Mr Kretinsky said he didn’t want to create “some anonymous structure” but instead “remunerate the people who are working for the company, and creating value for the company”.
The union is also concerned about job losses and changes to the terms and conditions of postal workers’ contracts.
Mr Kretinsky has guaranteed no compulsory redundancies or changes in terms and conditions but only until 2025.
“If we are more successful, and we have more parcels to be delivered, we need not less people, but we need more people,” he said. “So really, job cuts are not part of our plan at all.”
He said if the management, union and employees work together, “we will be successful”.
Another concern is the potential break-up of the business.
The profit for Royal Mail’s parent company last year was entirely generated by its German and Canadian logistics and parcels business, GLS. Royal Mail itself made a loss.
Mr Kretinsky has promised not to split off GLS or load the parentcompany with excessive debt, although borrowings will rise if the deal goes through.
But he has a way to go to convince the CWU.
“I can’t think of any other country in the world that would just just hand over its entire postal service to an overseas equity investor,” Mr Ward of the CWU said.
However, Mr Kretinsky said that the postal unions “do understand that we are on the same ship, and that we need this ship to be successful, and that if we are there, we don’t have any real problems to deal with, because the sky is blue, and it’s blue for everybody.”
The union cannot stop this deal but the government can block it under the National Security and Investment Act.
Business Secretary Jonathan Reynolds has said he will scrutinise the assurances and guarantees given and called on Mr Kretinsky to work constructively with the unions.
Mr Kretinsky may say that he and the unions are ultimately on the same ship but, as things stand, they are not on the same page.
Who is Daniel Kretinsky?
Daniel Kretinsky started his career as a lawyer in his hometown of Brno, before moving to Prague.

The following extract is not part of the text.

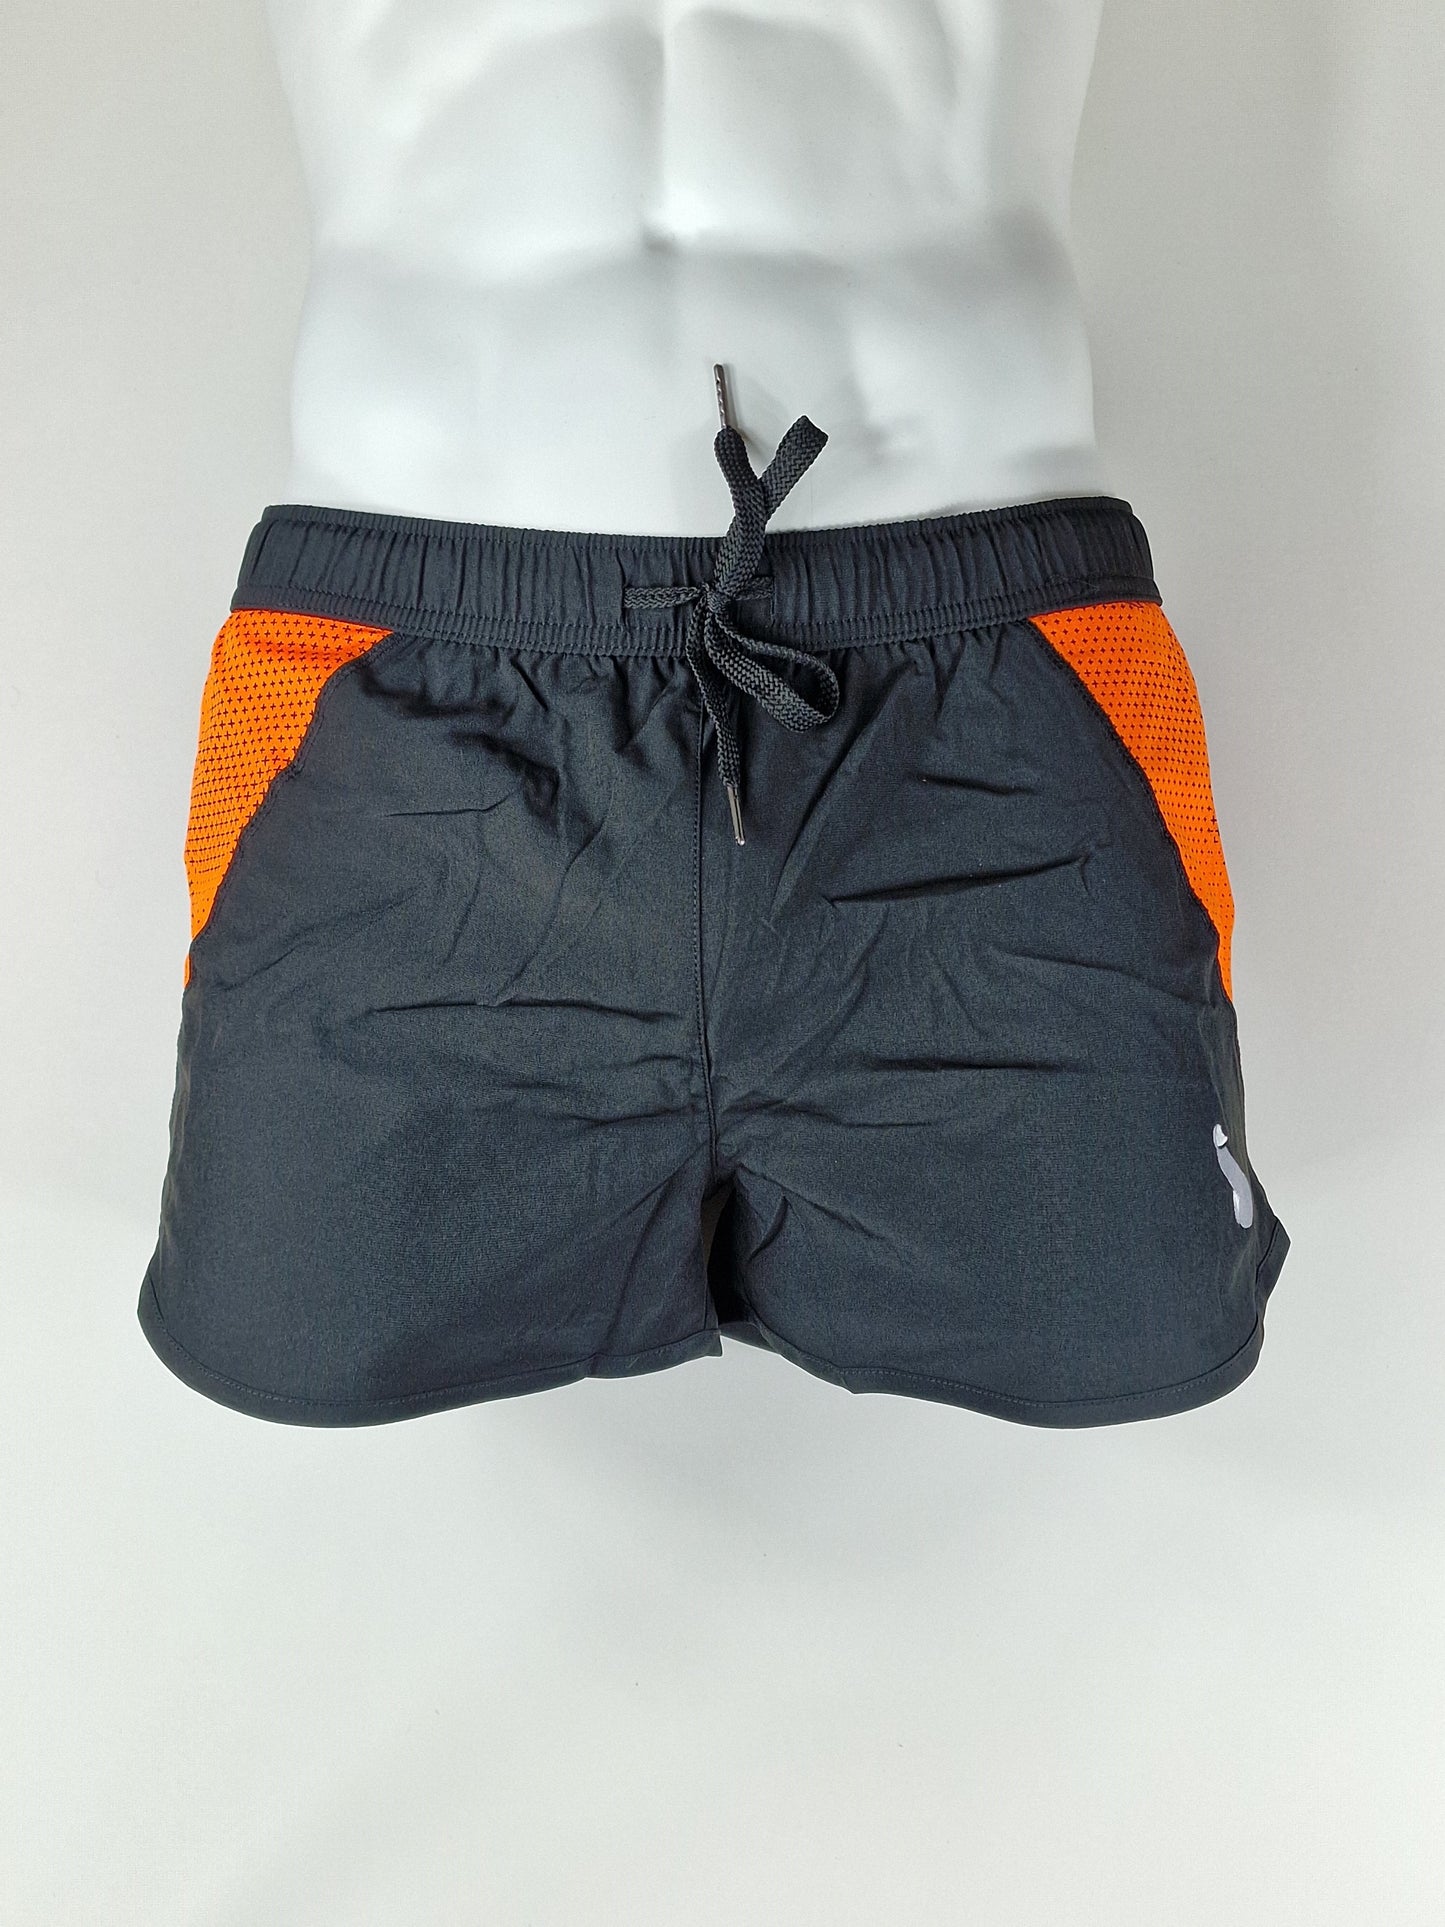 Träningsshorts, badshorts eller shorts för herr eller dam - Svart/Orange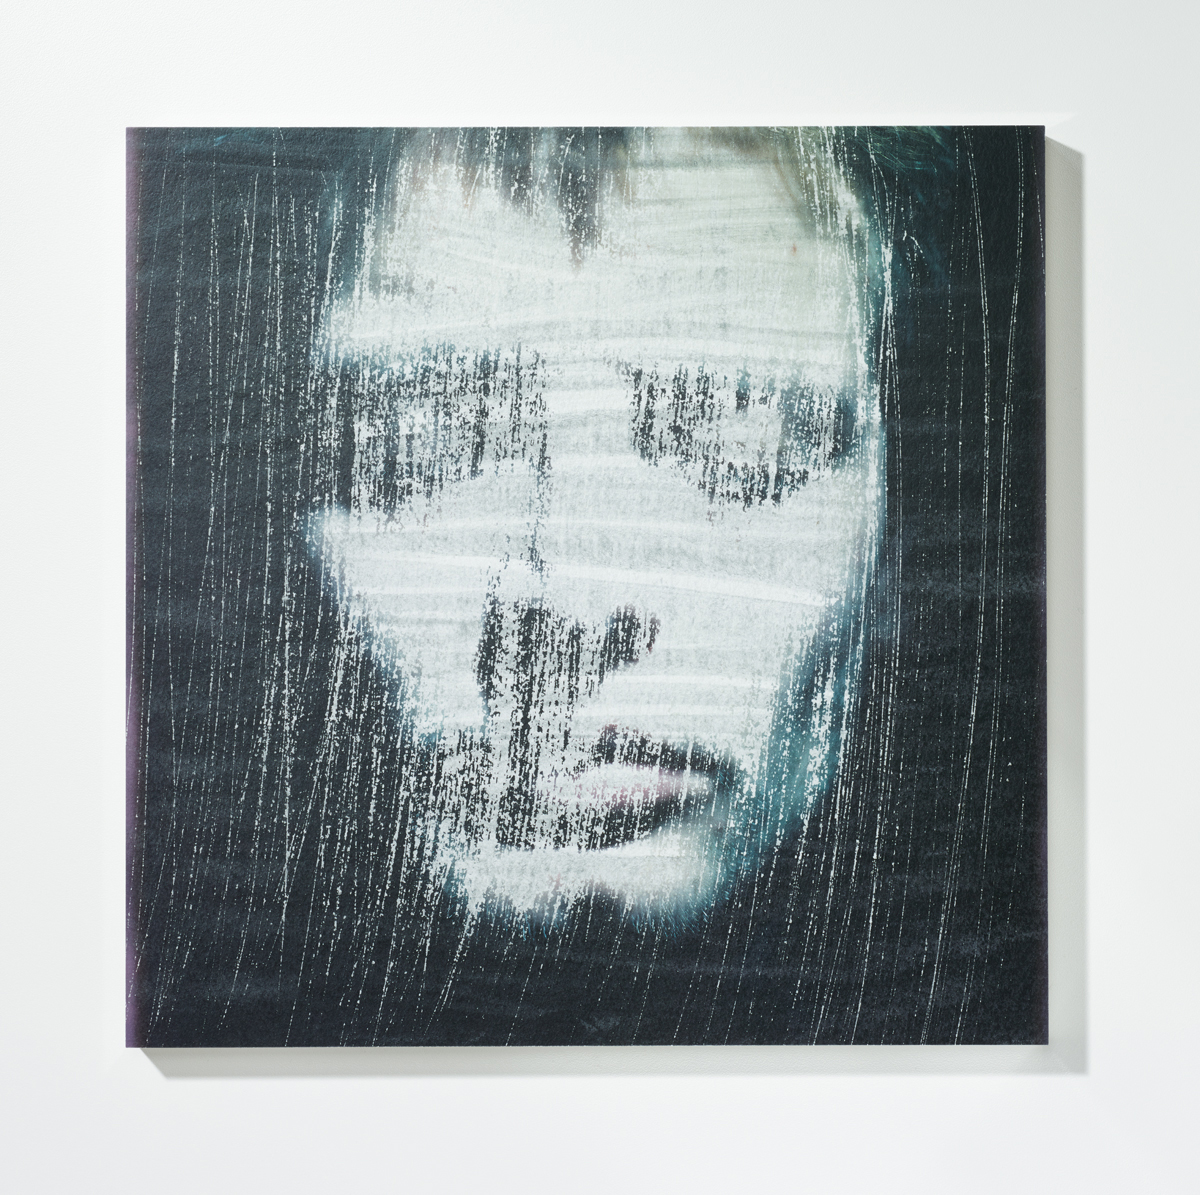 Löschung 4, 201630 x 30 cmPigmentprint, gelöscht, gefirnisst, kaschiert auf Acrylglas

He then made serious money in Central and Eastern European energy interests.
This includes Eustream, which transports Russian gas via pipelines that run through Ukraine, the Czech Republic and Slovakia.
He then diversified into other investments, including an almost 10% stake in UK supermarket chain Sainsbury’s and a 27% share in Premier League club West Ham United.
The Czech businessman is worth about £6bn, according to reports.